Edition · July 20, 2021

Trump’s Tax-Fraud Blowback Keeps Piling Up

A backfill look at July 20, 2021, when the Trump Organization’s tax mess was still metastasizing and the legal exposure around Trump-world kept widening.

On July 20, 2021, the Trump orbit was still eating the consequences of the Manhattan tax-fraud case, with a judge’s earlier refusal to let the Trump Organization’s criminal exposure simply disappear continuing to hang over the company and its closest finance people. The day did not deliver a fresh blockbuster indictment, but it did mark the steady, very unsexy kind of legal deterioration that matters: the kind that makes lenders, partners, and anyone thinking about doing business with Trump look at the balance sheet and the subpoena pile at the same time.

Closing take

This was not a single-day knockout punch. It was another day in which the Trump brand kept looking less like a fortress and more like a long-running internal-audit disaster with a golf-course logo.
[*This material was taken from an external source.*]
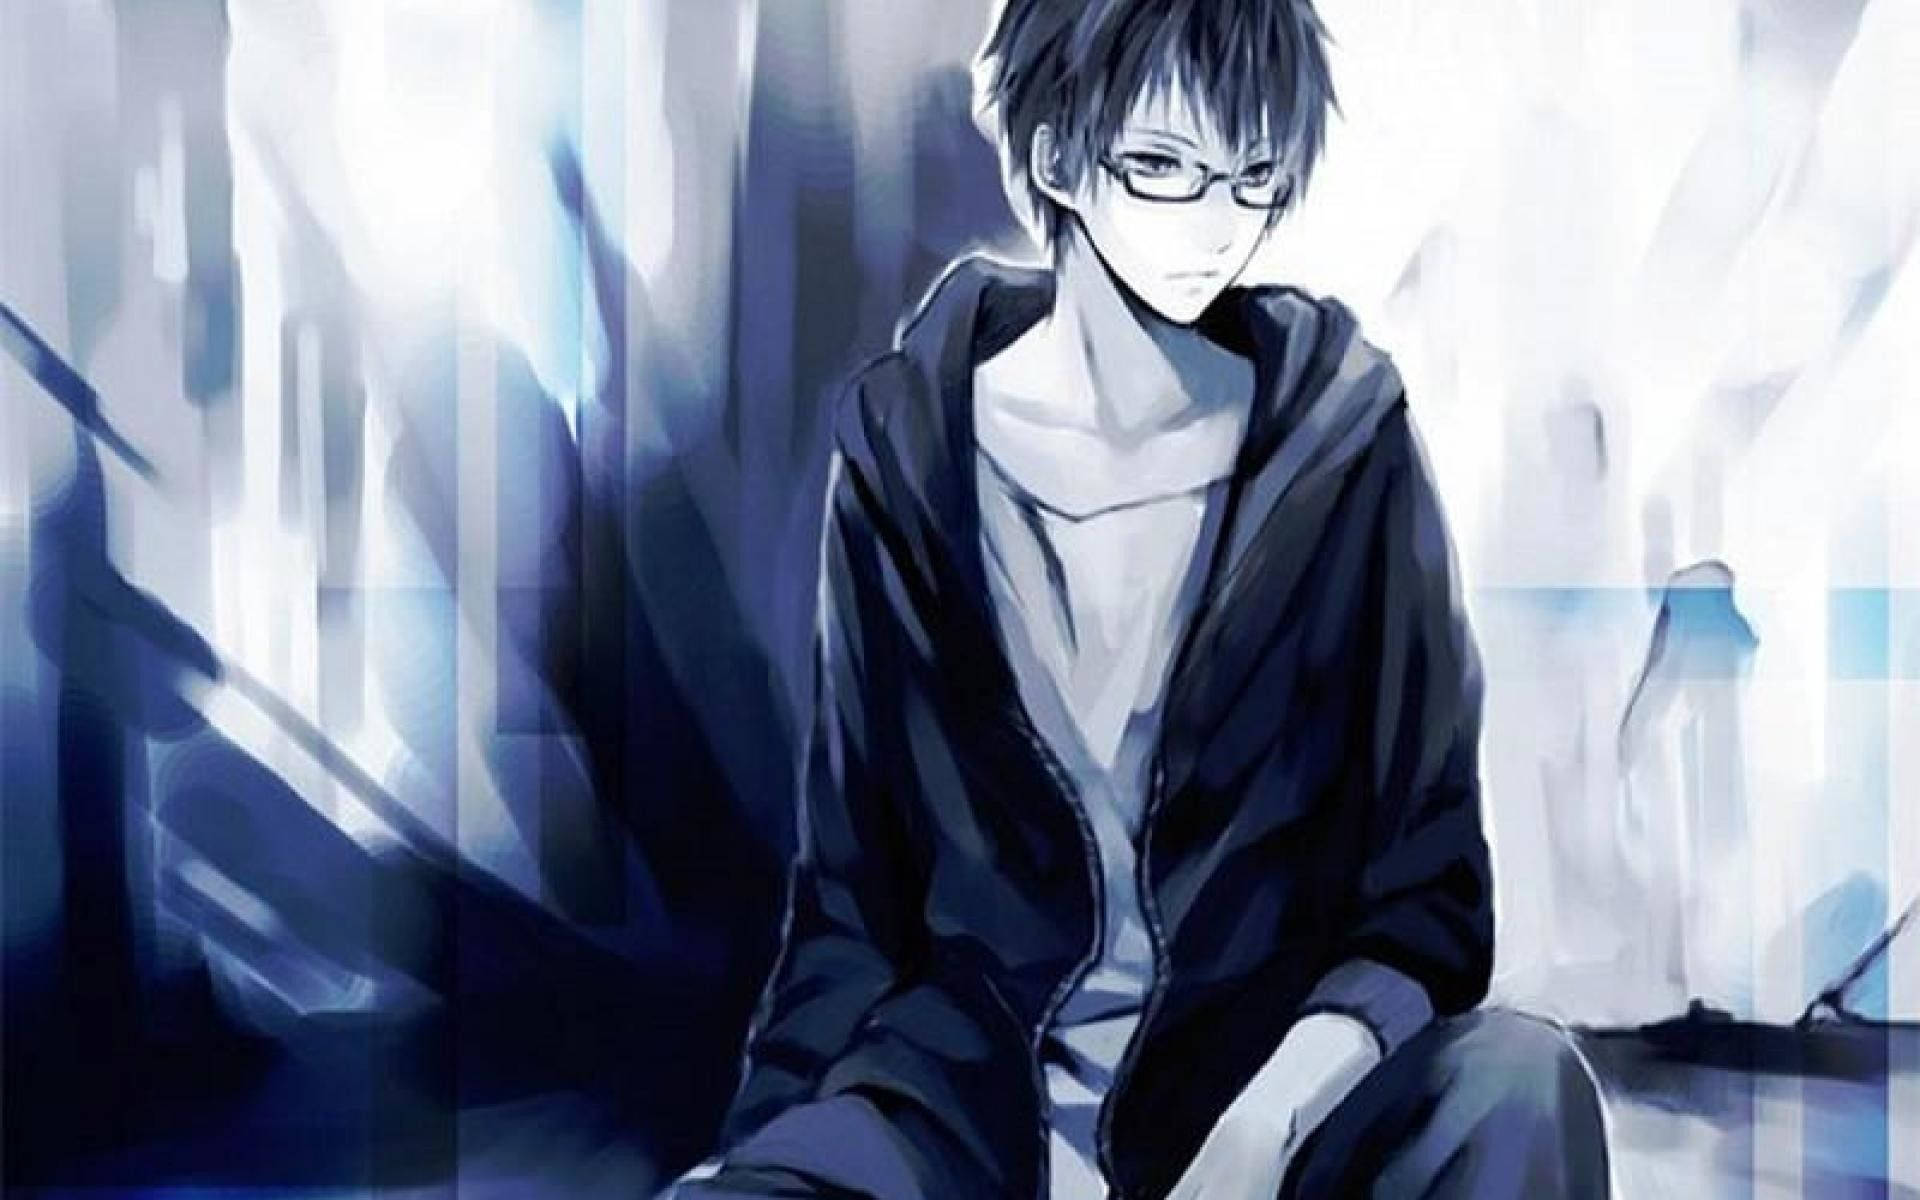 Download Nerdy Anime Boy With Glasses Wallpaper 
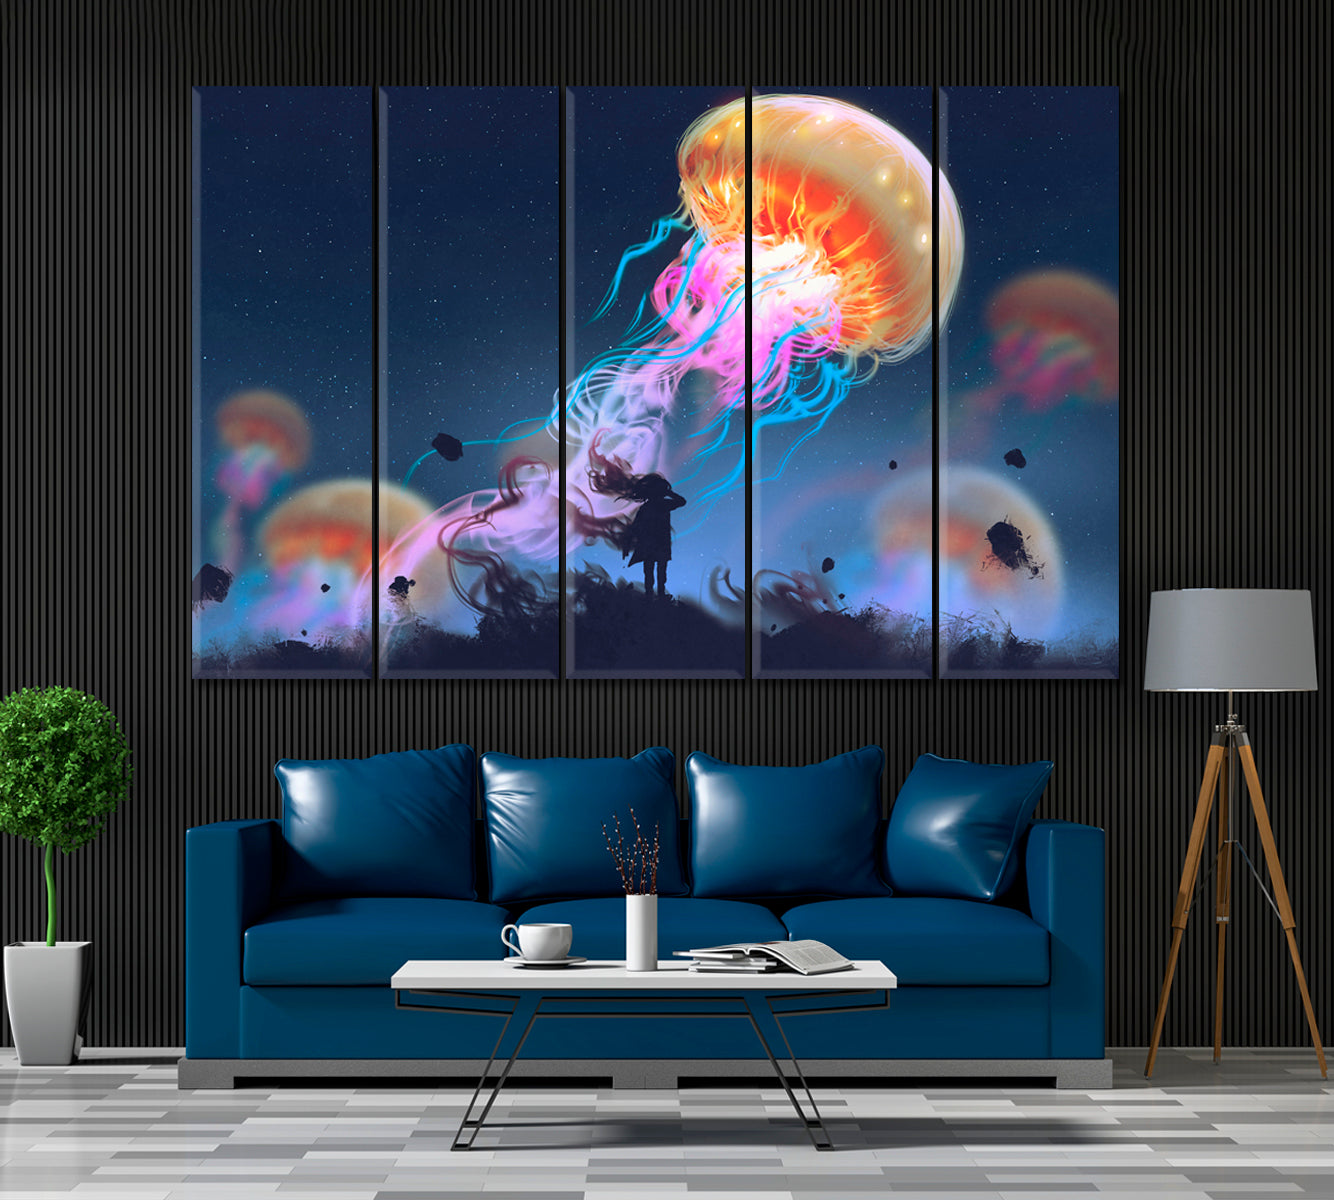 Giant Jellyfish in Sky Canvas Print ArtLexy 5 Panels 36"x24" inches

Ranked by how bad the fuckup was

5 stars means maximum fallout. 1 star means a smaller self-own.

Story

Trump’s Tax Case Kept Spreading, and the Brand Damage Wasn’t Done Yet

★★★★☆Fuckup rating 4/5 Serious fuckup

The Trump Organization’s criminal tax-fraud case was still reverberating on July 20, 2021, with the July 1 indictment against the company and Allen Weisselberg continuing to define the legal and political news cycle around Trump-world. The underlying accusation was not some fuzzy process complaint; prosecutors said the business ran a long scheme to hide compensation, and the fallout already included a very public criminal case against the company’s top finance lieutenant. That is the sort of thing that does not stay contained inside a courthouse docket.